Pages 396-398, transcribed by Carolyn Ward from History of Allen and Woodson Counties, Kansas: embellished with portraits of well known people of these counties, with biographies of our representative citizens, cuts of public buildings and a map of each county / Edited and Compiled by L. Wallace Duncan and Chas. F. Scott. Iola Registers, Printers and Binders, Iola, Kan.: 1901; 894 p., [36] leaves of plates: ill., ports.; includes index.



 

396 cont'd HISTORY OF ALLEN AND  

HENRY W. WILLIAMS.

HENRY W. WILLIAMS, of Iola, one of Iola's early Police Judges and for some years a grain and coal dealer in the city, came into Kansas in 1878 and settled on the frontier in Pawnee county. He migrated there from Cumberland county, Illinois, where he was born February 1, 1833. He passed his boyhood in Coles and his youth in Cumberland county and was a son of Harry Williams who went into Illinois in 1830 and settled in Coles county. The latter was born in Bradford county, Pennsylvania, in 1809. and left the state three years later with his father, Zaben Williams, to Elizabethtown, Kentucky, Hardin county, and was reared there almost to manhood. In 1828 he crossed the Ohio river and invaded Crawford county, Indiana, where he married Lucretia Beals and, soon after moved over into Coles county, Illinois. Lucretia was a daughter of David Beals and Philiney Hayes, a niece of ex-President Hayes,

  WOODSON COUNTIES, KANSAS. 397

for her father, Oliver Hayes, was the President's uncle. The Beals were from near Saratoga, New York, from which point they settled first in the Miami country above Cincinnati and afterward in Crawford county, Indiana.

Zaben Williams was born and reared at Williamstown, Massachusetts, and was a son of one of the founders of the town and a nephew of the other. These brothers were men of affluence and their generosity prompted them to found and endow the college at Williamstown. Zaben Williams' three children were: Harris, Constant and Harry, whose forefathers were patriots in the American Revolution, in the person of the founders of Williamstown College, both of whom died in the service.

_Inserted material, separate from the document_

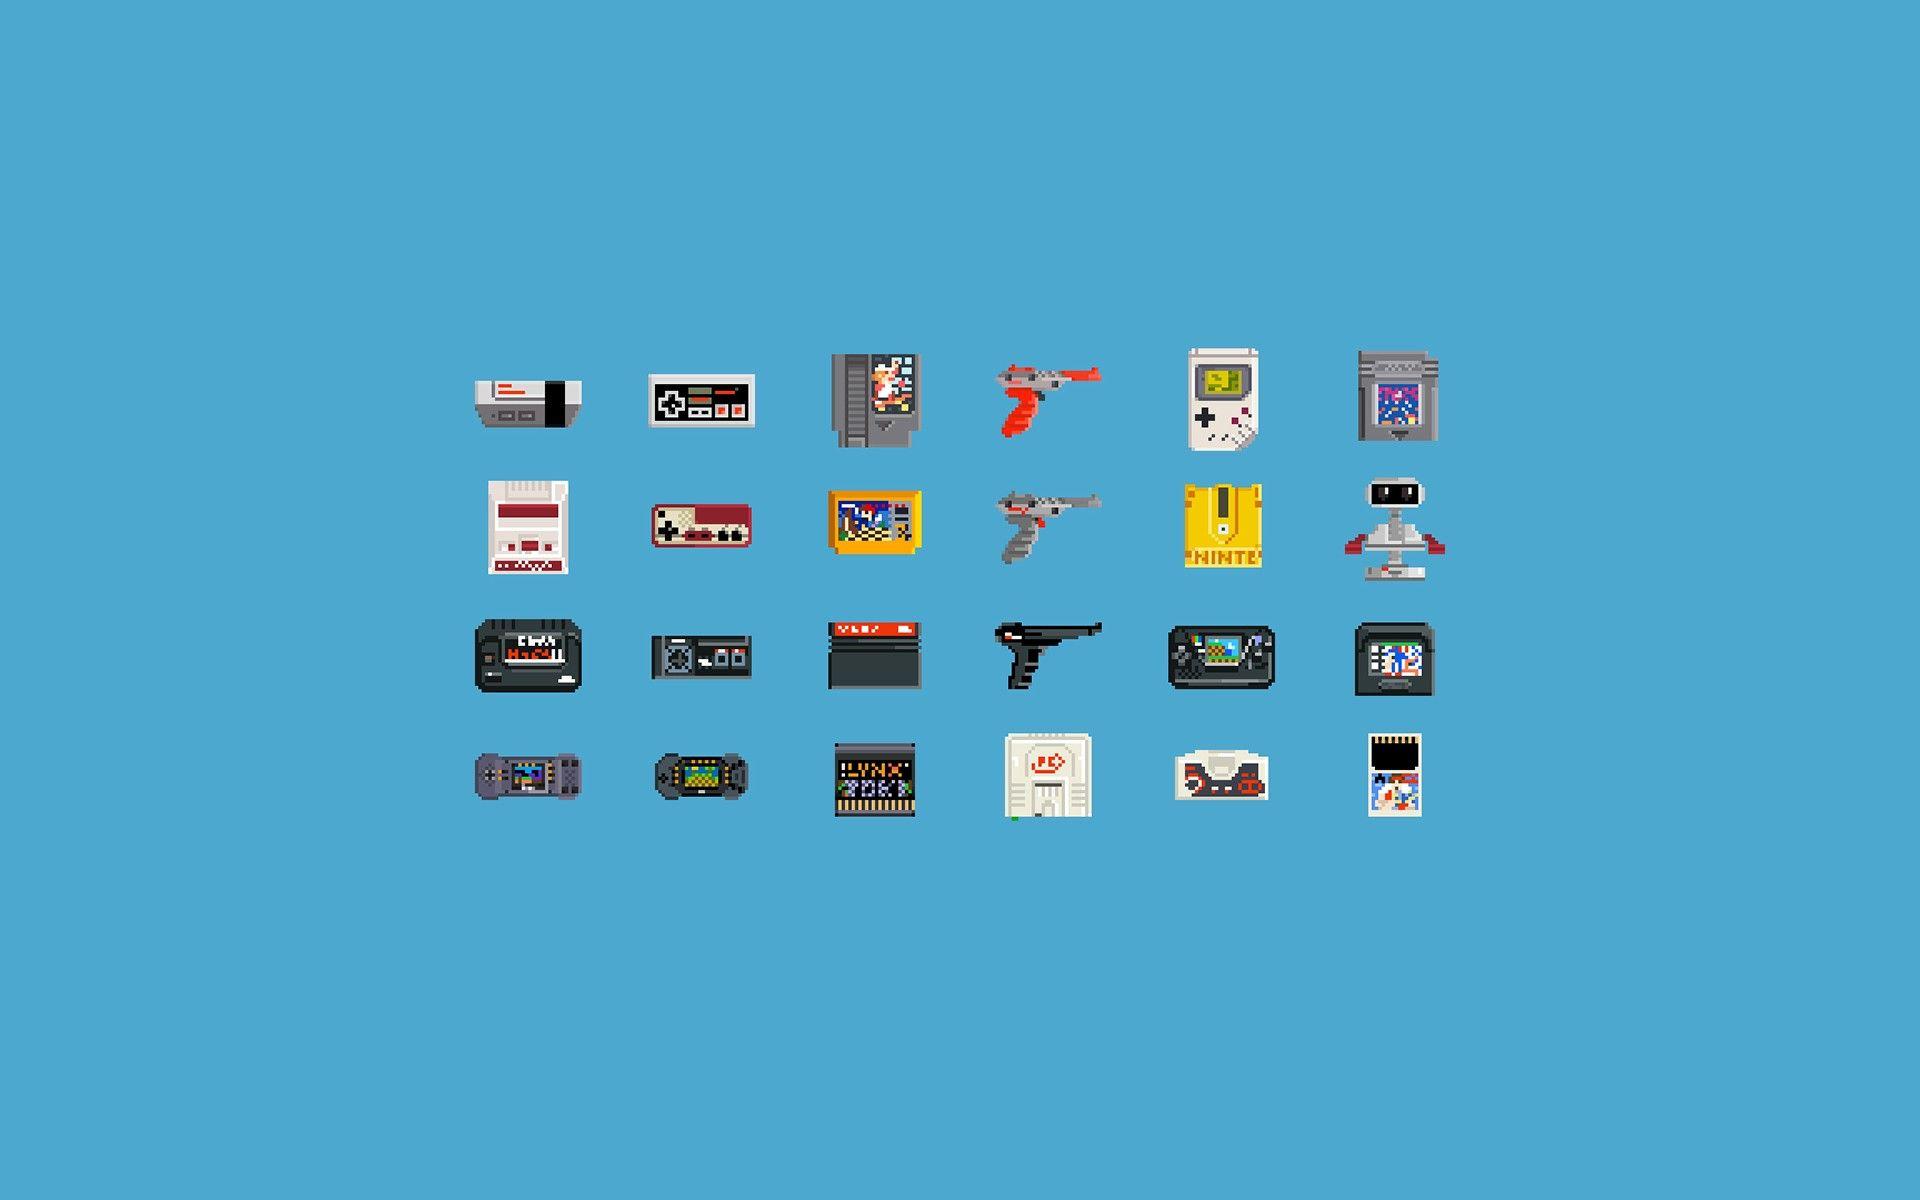 General 1920x1200 Video Games Consoles Pixel Art 8 Bit Nintendo

Harry Williams' children were: Mary J., who married Josiah Goodwin, of Cumberland county, Illinois; Henry W.; David B., of Sullivan county, Missouri; Lucy E., deceased, wife of W. J. Vinson, of Cumberland county, Illinois; Jesse M., of the same county; Larinda C., wife of J. T. Jones, of Coles county, Illinois, and William F. Williams, of Cumberland county, Illinois.

Our subject spent his early life on his father's farm. He went to school three months in the year and at the age of seventeen bargained with his father for his time. He made and handled saw-logs and rails and from this he dropped into farming. He was married in October, 1850, to Nancy J. Stone who died October 10, 1865, leaving: Frances, wife of William J. Newman, of Mattoon, Illinois; Lewis B. Williams, of Allen county, and Chauncey L. Williams, of Coles county, Illinois. In 1866 he was married to Amanda F. Kelley, who died in Iola July 17, 1899. Her children are: Orville K., one of Allen county's successful teachers; Oscar L.; Charles; Mary E., wife of W. Rutledge; Amanda L., wife of Oscar L. Cowan; Harry, Olive and Fred Williams are with their father. January 21, 1900, Mr. Williams married Mattie Dailey, a daughter of Amos Dailey, one of Iola's early settlers.

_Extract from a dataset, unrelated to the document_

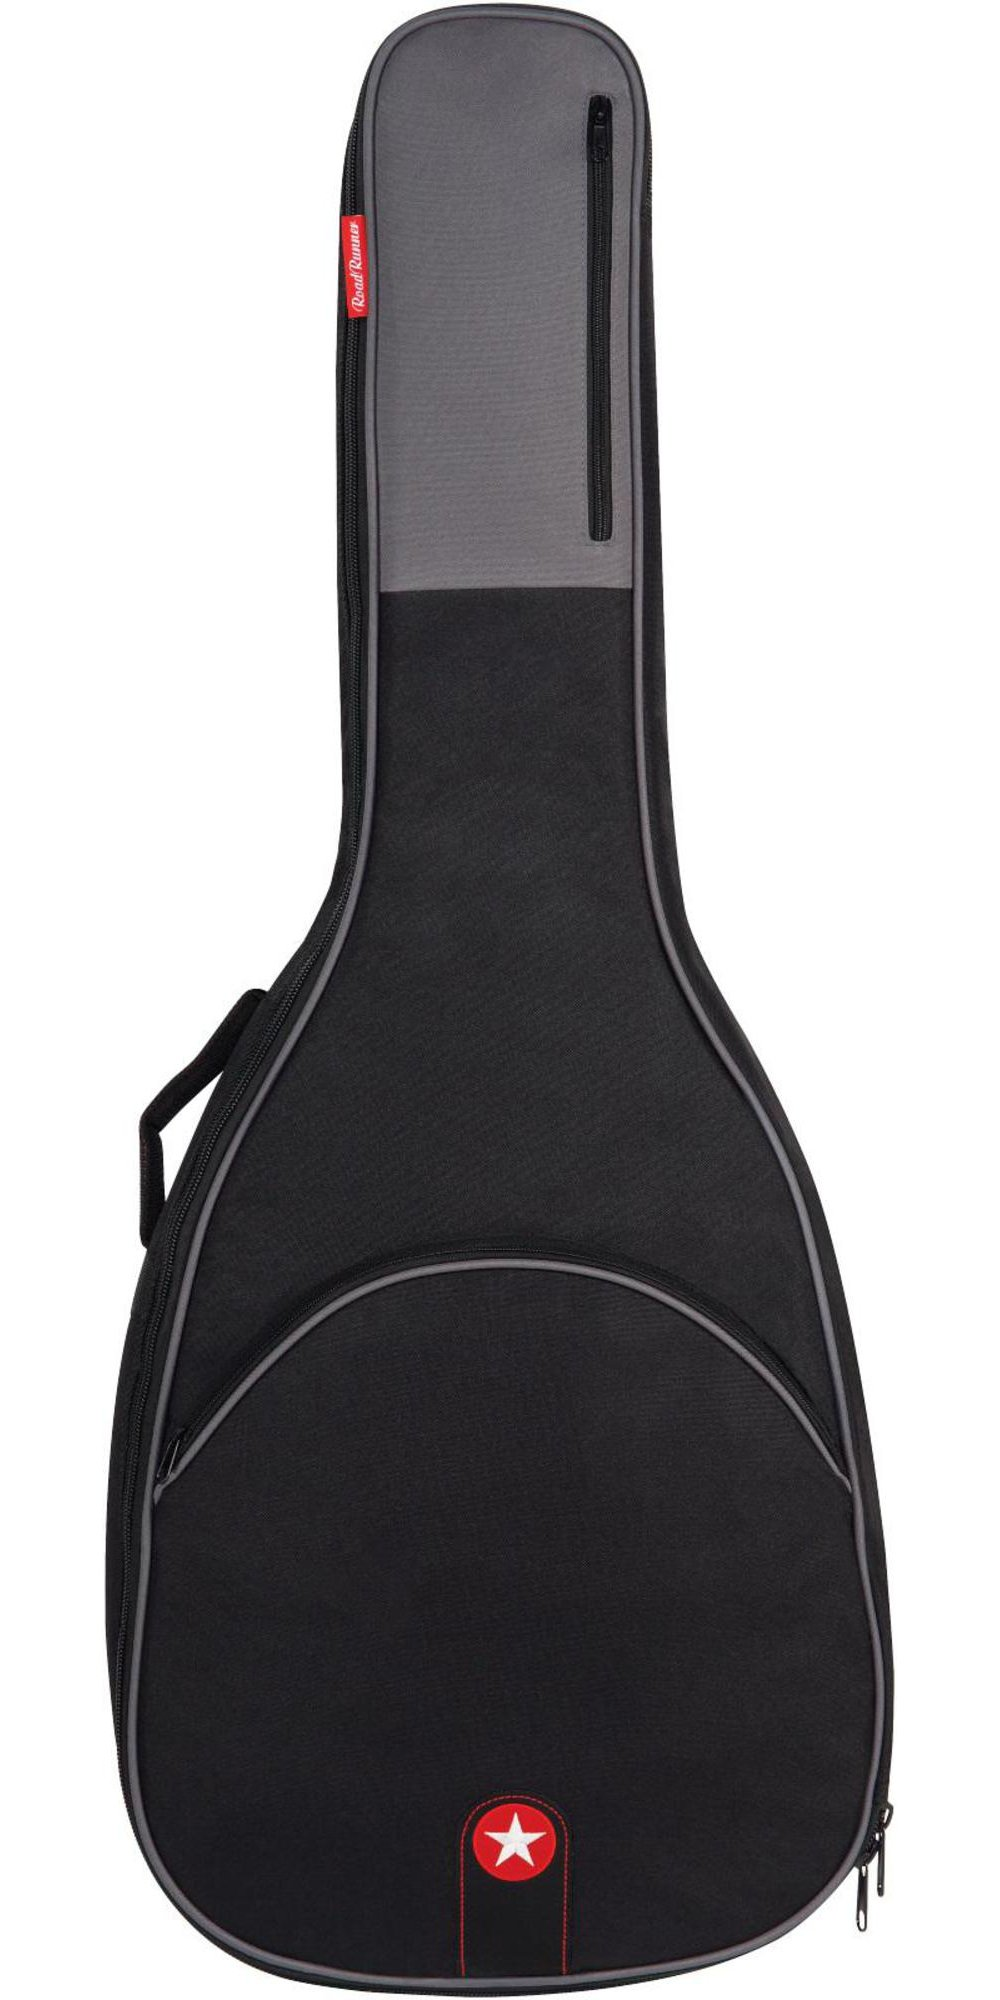 Road Runner RR1AG Avenue Series Acoustic Guitar Gig Bag

In western Kansas Mr. Williams was engaged in both carpenter work and farming. He resided in Pawnee Rock and later in Larned and from that city he came to Iola in 1888. He purchased a half block in the first ward of Iola which he has improved by covering it with residences and has thereby contributed his part in the city's development. In the spring of 1900 he went out of active business and is concerned now only with the proper rearing and education of his younger children.

In political training the early Williams were Whigs. Upon the dissolution of that party they became "Know Nothing" and when the Republican party was christened they joined it and helped swell Fremont's popular vote. Our subject's first vote was cast for that candidate for the Presidency and he has never missed an election in all these forty-four years. He has great faith today in the ability of that party to do things and to conduct the affairs of our country with wisdom and prudence and to lead our citizens along a high plane of morality, patriotism and civilization.

Mr. Williams enlisted at Benton Barracks, St. Louis, October 1861, for three years and his regiment was McClelland's advance guard along the

398 HISTORY OF ALLEN AND  

Potomac river in 1861 and 1862. He was discharged at Cumberland, Maryland, for disability and returned to Illinois, and in February, 1865, joined the One Hundred and Twenty-third Illinois and was transferred to Sixty-first Illinois, from which he was discharged October 19, 1865. He was detailed on duty to turn over deserters to the army, who returned under the President's proclamation, during the end of his second enlistment and the close of the war found him so engaged.